● Data in this exercise:
# # # # #

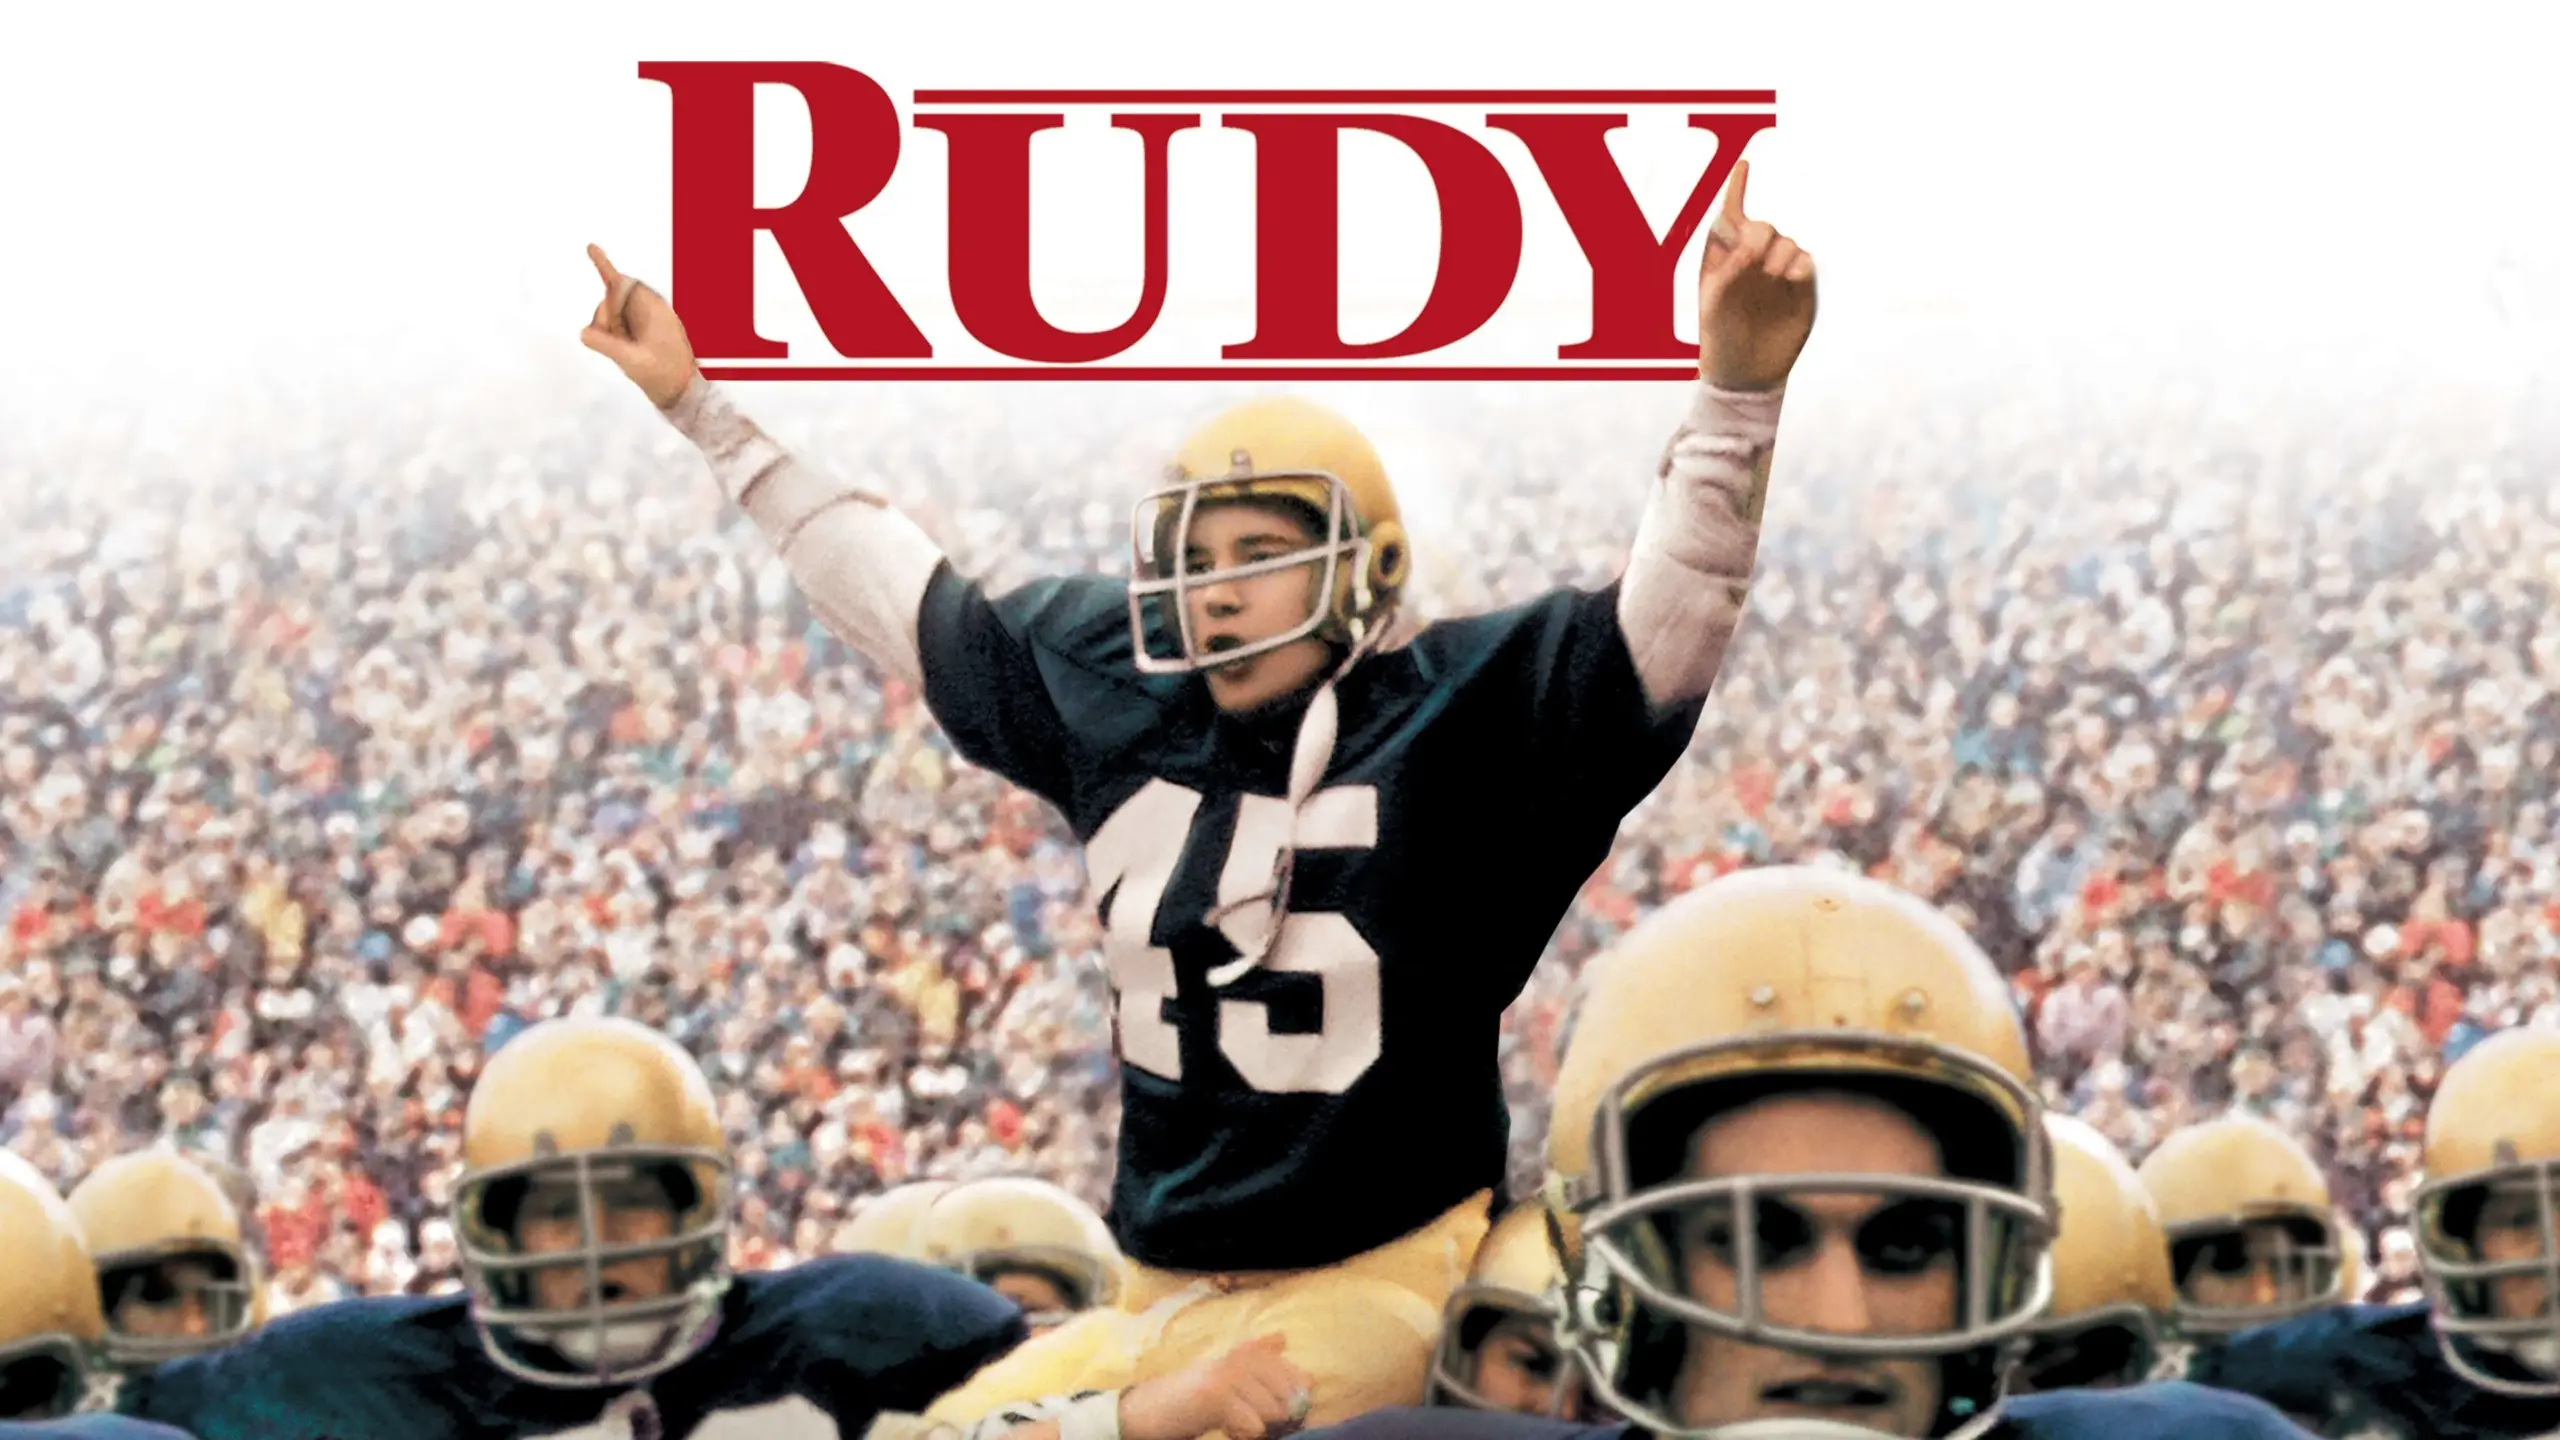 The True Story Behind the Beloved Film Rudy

# # # # #

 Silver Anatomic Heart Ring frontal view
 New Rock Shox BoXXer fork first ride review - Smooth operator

# # # # #

● The task: Go to the line with "Silver Anatomic Heart Ring frontal view" in the entries above and repeat every line from there through the line with "New Rock Shox", exactly and with no other text.

● Expected output:
 Silver Anatomic Heart Ring frontal view
 New Rock Shox BoXXer fork first ride review - Smooth operator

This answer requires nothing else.